Some stable intermediate cleavage products, such as the IBV nsp12-13 (160 kDa) and nsp14-15-16 (132 kDa) intermediates and MHV nsp4-10/11 (150 kDa) intermediates, were identified in virus-infected cells and were thought to play a role in virus replication (48, 64). A recent model suggests that unprocessed intermediates, such as MHV nsp4-10/11 (P150), function as a polyprotein involved in negative-stranded RNA synthesis, while mature proteins are required for positive-stranded RNA synthesis (46, 47). The results from this report revealed an intimate correlation between 3CLpro-mediated cleavage and regulation of RNA synthesis (Table 2). Mutation of P1-Gln to Asn at the nsp6-7, nsp12-13, nsp13-14, and nsp14-15 sites, as well as mutation of P1-Gln to Pro at the nsp15-16 site, which resulted in the complete abolishment of proteolytic processing, allowed negative-stranded genomic RNA replication but blocked sgRNA transcription. In contrast, mutation of P1-Gln to Asn at the nsp15-16 site allowed the synthesis of both genomic and sgRNA, even though the amount of cleaved products was extremely low due to significantly reduced processing efficiency. These findings suggested that unprocessed intermediates, such as the nsp6-7, nsp12-13, nsp13-14, nsp14-15, and nsp15-16 precursors, may function in genomic RNA replication, while mature proteins may be involved in sgRNA transcription. More extensive studies of cells infected with the recovered mutant viruses and transfected with full-length transcripts carrying the mutations would be required to support this assumption.

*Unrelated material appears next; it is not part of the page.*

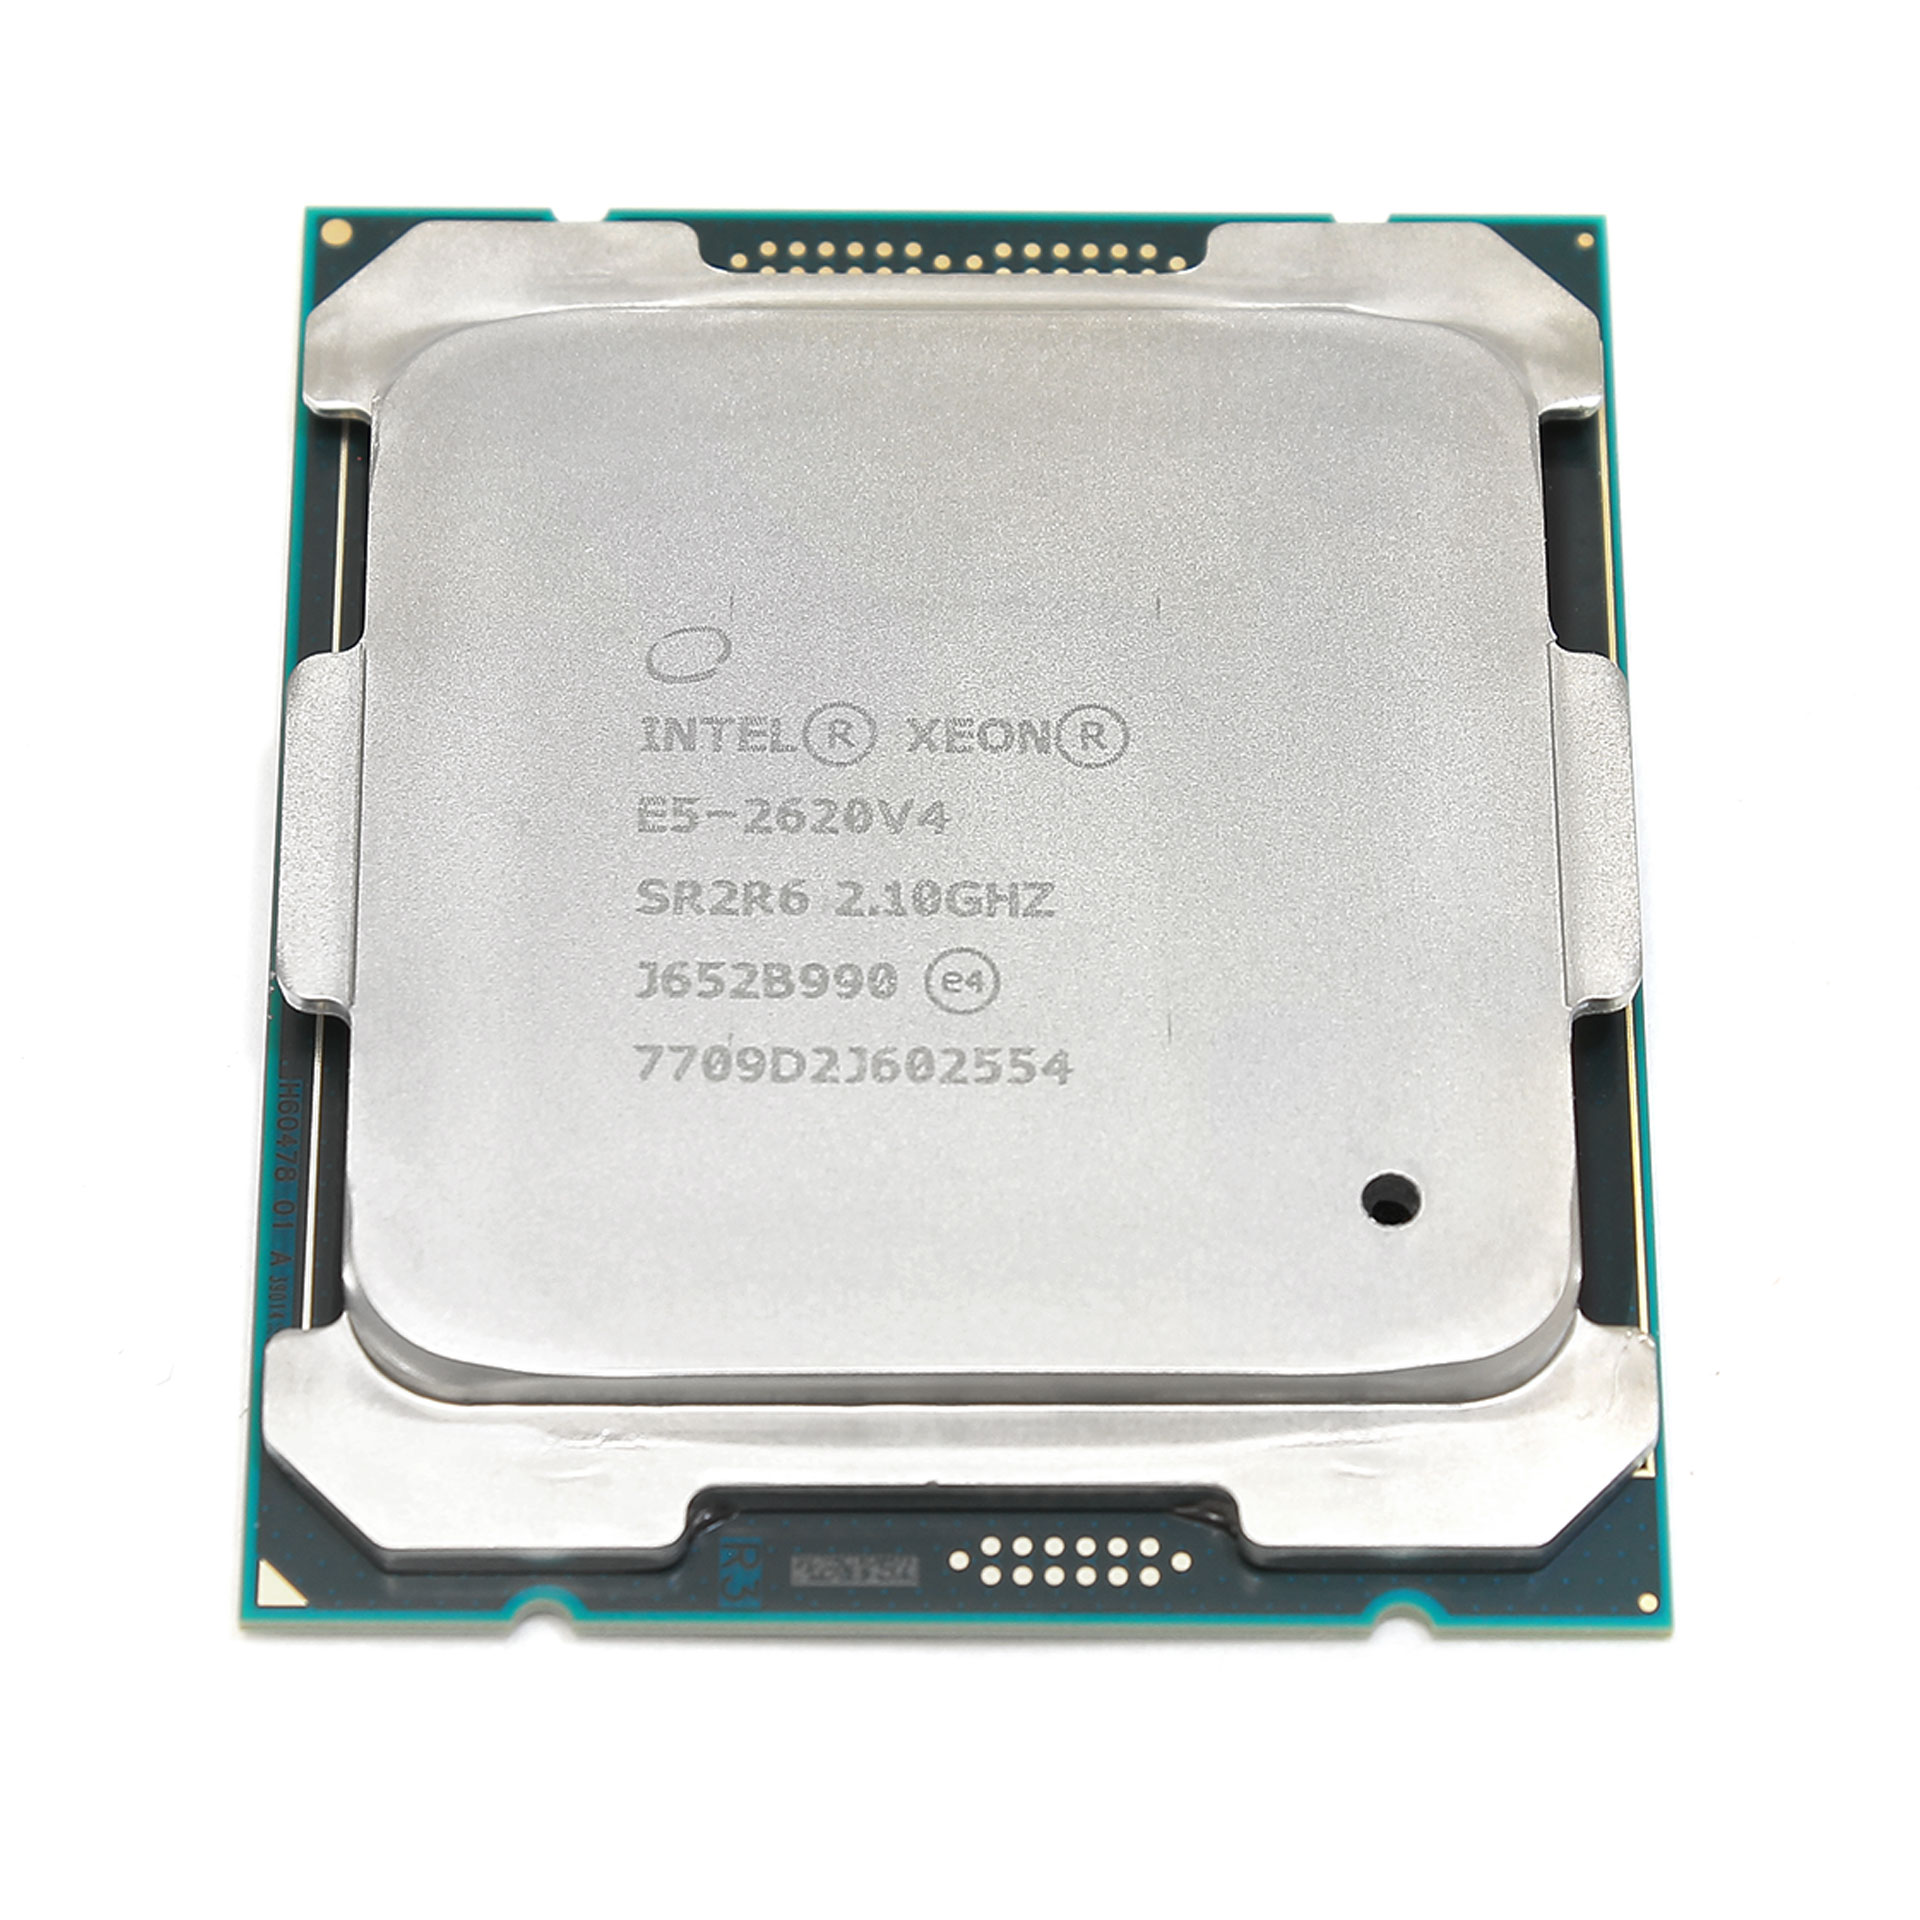 Processor CPU Intel XEON E5-2620 V4 SR2R6 2.1 GHz

Coronavirus nsp15 is an endoribonuclease involved in RNA processing (6, 8, 29, 65), and nsp16 possesses 2′O-methyltransferase activity, thought to be responsible for RNA capping (11, 50, 60). Both proteins were proven to be essential for RNA synthesis (1, 34). In this study, low-level, noncytopathic infection was observed with cells infected with Q6327N mutant virus, due to inefficient transcription of positive-stranded sgRNA. It suggests that one of the main functions of mature nsp15 and nsp16 is at this step of the viral replication cycle. However, attempts to rescue the phenotype by coexpression of individual nsp15 and nsp16 with the full-length mutant transcripts in cells were unsuccessful. Further biochemical and functional characterization of the two proteins would be required to address this issue.

Perhaps the most intriguing result is the selection of 3CLpro carrying the P166S or P166L mutation. Both the P166S and P166L mutants specifically enhance the cleavage efficiency at the nsp15-16 site containing the P1-Asn substitution. Structurally, Pro-166 in IBV 3CLpro, corresponding to Pro-168 in SARS-CoV 3CLpro, is not conserved in the 3CLpros of MHV, TGEV, and HCoV-229E where a Ser or a Gly residue is located (66). Residues 164 to 168 form an antiparallel sheet with residues P6 to P1 of a substrate, but Pro-166 is not a required determinant for substrate specificity (66). It is possible that the P166S or P166L mutation may alter the interaction between amino acid residues in the substrate-binding pocket, leading to the increased proteolytic cleavage activity at the mutant nsp15-16 site and promoting virus replication. Alternatively, interaction between the mutant 3CLpro and the mutant nsp15-16 intermediate may induce conformational change of the substrate to facilitate 3CLpro-mediated cleavage. As this enhancement effect of the mutant 3CLpros is observed only with the mutant nsp15-16 site containing the P1-Asn substitution, the substrate that induces the emergence of the mutant enzyme, further structural studies would reveal novel insights into the enzyme substrate specificity and catalytic mechanisms of this important proteinase.